Let The New Age Of Enlightenment Begin

The film Beyond The Black Rainbow(is it a film or just a movie?) was made back in 2010, yet I’d never heard of it until last summer when Jagjaguwar announced they were releasing the soundtrack to it on limited edition clear vinyl. What was that? Beyond The Black Rainbow? Wasn’t that a Wes Craven flick from back in the day, with that cat that was in Ruthless People? I had to look into this thing. Once I did I knew I needed to own this record.

The S/T was written and performed by Sinoia Caves, aka Jeremy Schmidt. He’s the keyboardist in the excellent Black Mountain. On their debut Schmidt was there but not very pronounced. On the album that proceeded it, In The Future, Schmidt made his presence known. Steeped in organ and spacey synths, that album pretty much defined Black Mountain as the quintessential 21st century purveyors of stoned, 70s progressive rock. When Schmidt is on his own as Sinoia Caves he gets lost in layers of analog synths and droning tones. It’s a beautiful thing. His first record as Sinoia Caves, The Enchanter Persuaded, is a thing of stoned, blissful beauty. All melancholy and spacey, it gave us an idea of what Schmidt could do as a guy alone in a room with a stack of synths. With Beyond The Black Rainbow he went all out. It’s filled with ominous voices -choirs of synth chords and overwhelming walls of saturated tones- that have both the feeling of doom and possible escape from said doom. “Forever Dilating Eye” pulses and moves like the careening new age crash it is. “Elena’s Sound World” is subtle and delicate, like the character in the film(movie) it’s named after. “Run Program: Sentionauts” sounds like Ken Hensley getting crazy with Uriah Heep, while “Arboria Tapes – Award Winning Gardens” is subtle and hazy. “1966 – Let The New Age Of Enlightenment Begin” is the tour de force here. It’s nearly 17 minutes of synths wavering in and out, fighting for attention. It’s like a hallucinogenic trip into some dark world. A synth symphony warming up out of key and nightmarish. It’s also during a pivotal scene in the film(movie.)
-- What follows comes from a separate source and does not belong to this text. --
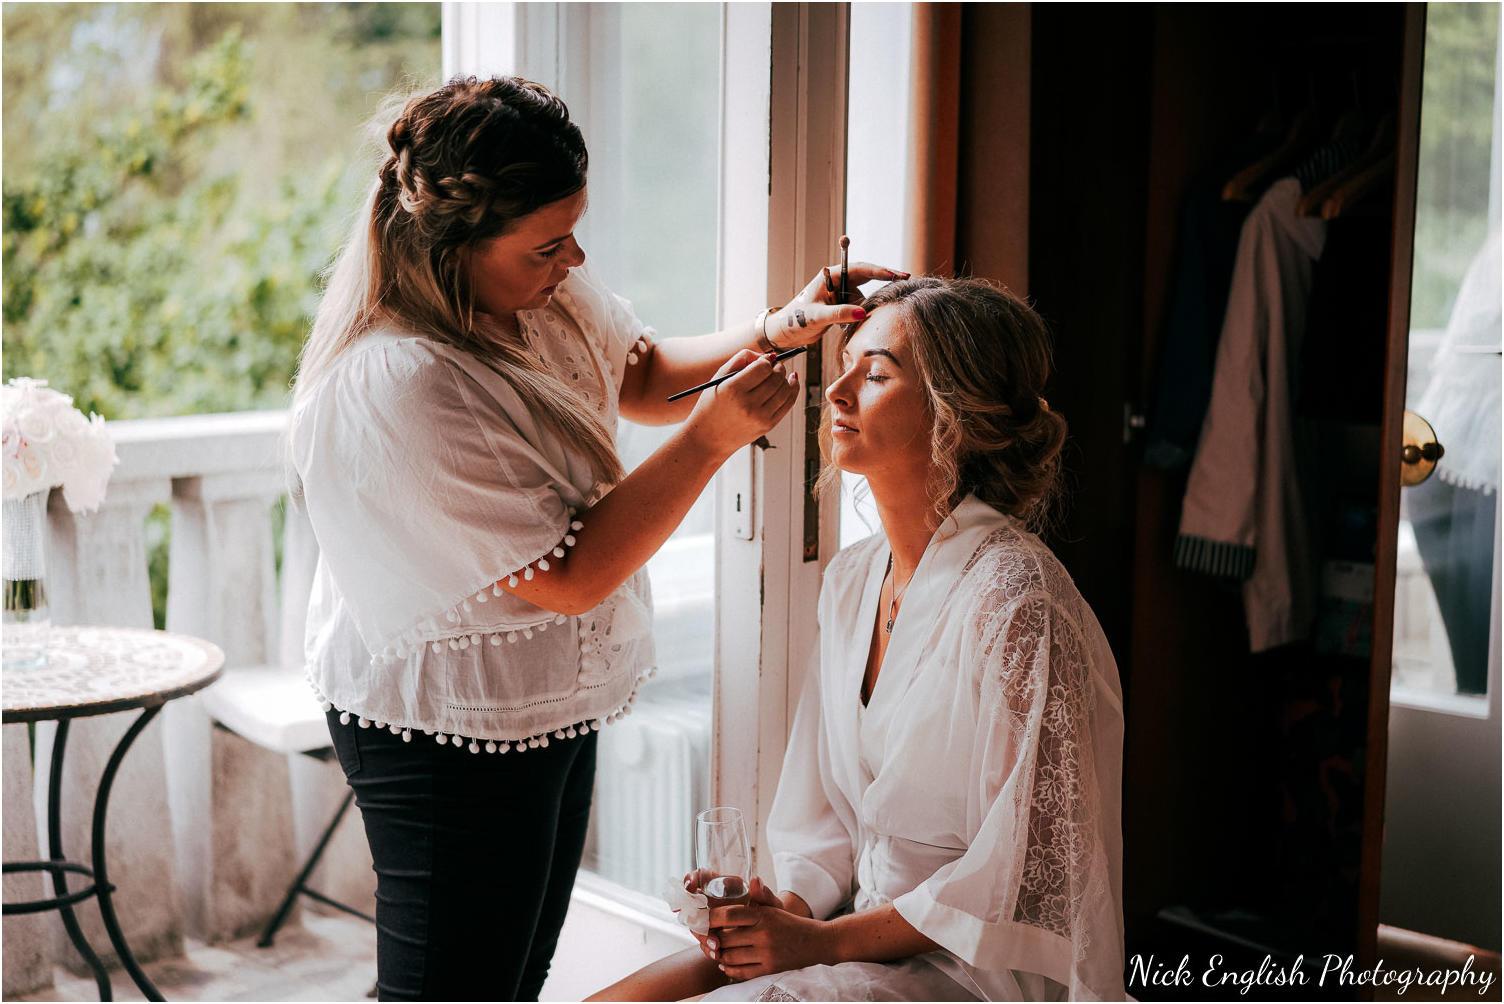 Destination_Wedding_Photographer_Slovenia_Nick_English_Photography-22.jpg

So about the film. No, it’s definitely a film. When I preordered the vinyl last summer it came with a DVD copy of the flick, so I got to watch it. For what it is, it’s pretty spectacular. Imagine some lost sci-fi epic from the early 80s directed by David Cronenberg that never made it out to prying eyes. Visually it’s stunning; colorful yet grainy, and scenes shot to perfection. You could make posters out of stills from this movie. What’s it about? It’s about this institution that did experiments regarding tapping the hidden potential in the human mind. Of course, there’s hallucinogenics involved, an ego-driven scientist, a patient with a gift, and a jealous protege that wants revenge for being slighted. It’s crazy, f****d up, and quite incredible. It captures the beauty and nostalgia of the sci fi b-movie to a tee. If you didn’t know it had been made in 2010 you’d swear you’d come across some lost early 80s sci fi gem.

But the real treat here is the soundtrack. Schmidt captures the mood of the movie perfectly. And the mark of a truly great S/T is one you can listen to and it holds up completely on its own. This one does that.

Well, I got a record to flip. Happy Friday.